Besides, there's nothing in this article that bears any resemblance to fact:
>"At any rate, a burning well is a tough proposition and an uncapped well—
permitting >a wholesale discharge—an even tougher one. The situation was
being handled by >Boots and Coots, a fire-control company with an almost
parodically American >name, which is based in Houston. Boots and Coots, which
also worked in Kurdistan >and Kuwait after the much worse conflagrations of
1991, is subcontracted for the >task by Kellogg, Brown, and Root (another
name Harold Pinter might have coined >for an American oil company), which is
in turn a subdivision of Halliburton. And >"Halliburton," which admittedly
sounds more British and toney than Boots and >Coots, was once headed by—cue
mood music of sinister corporate skyscraper as >the camera pans up in the
pretitle sequence—Vice President Dick Cheney."
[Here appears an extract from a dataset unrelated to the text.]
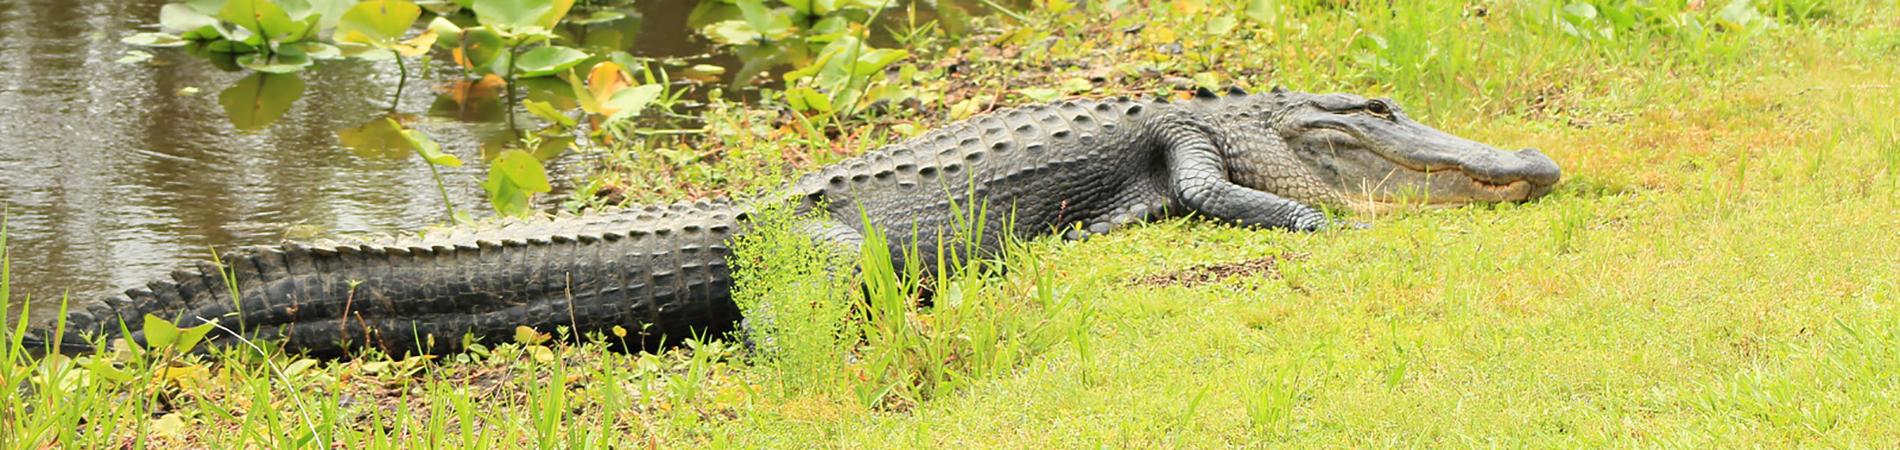 Alligator Information Resources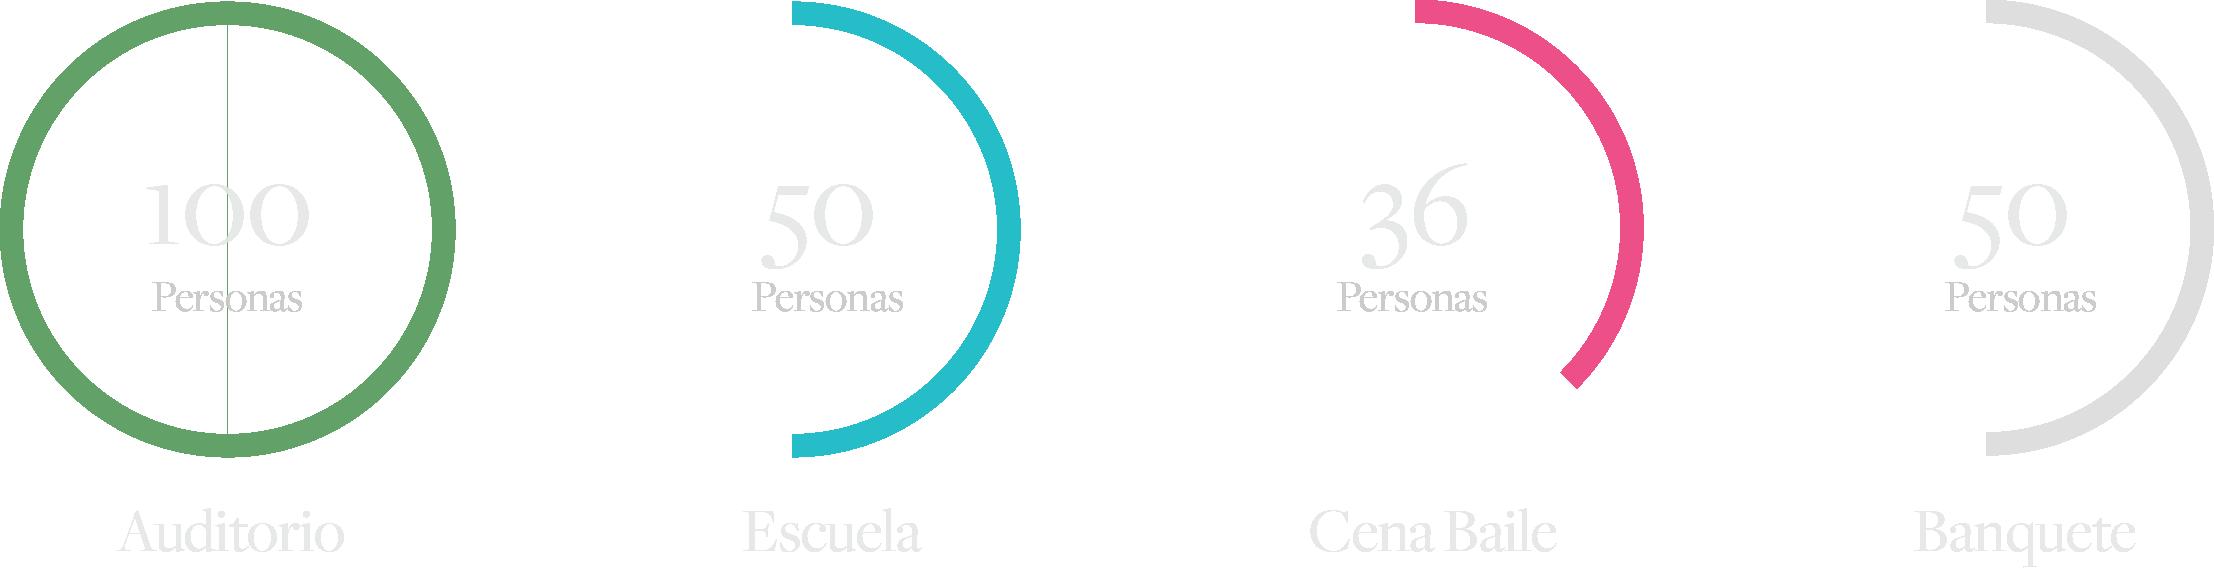 CAPACIDAD ISUARA.png

True, Boots and Coots (I don't know why that's a parodically American name, or what he means by that) was contracted to put out the oil well fires in Kuwait, but at the time, the total cost of putting out all 750 fires was $1.5bln. This time around, the no-bid pre-war declaration contract to Halliburton, and subcontracted to Halliburton's Kellogg, Brown, and Root (again he brings up the American name thing, still don't get it) was capped at $7 bln. After some intense congressional scrutiny from Dingell and Waxman, the Army Corps of Engineers stated it would cost more like $680mln.
Still, that would be $1.5bln for 750 fires last time, and $680 mln for 10 fires this time. Somehow, without other countries involved in even seeing the bidding process, the cost of putting out these fires seems to have increased by 34 times since 1991. Hitchens probably sees nothing wrong with this.
>"Well, if that doesn't give away the true motive for the war, I don't know
what does. >But unless the anti-war forces believe Saddam's fires should be
allowed to burn out >of control indefinitely, they must presumably have an
idea of which outfit should >have got the contract instead of Boots and
Coots. I think we can be sure that the >contract would not have gone to some
windmill-power concern run by Naomi Klein >or the anti-Starbucks Seattle
coalition, in the hope of just blowing out the flames or >of extinguishing
them with Buddhist mantras. The number of companies able to >deliver such
expertise is very limited."
The majority of oil well fires put out during the last war were extinguished using sea water. Besides, Boots and Coots is an almost bankrupt company. To me that signals bad financial management, bad services provision or a combination of both. The last earnings report of B&C had their revenues down 23%, it has defaulted on all its loans, and is trading at 46 cents. Maybe Naomi Klein's "windmill power concern" would be more competent.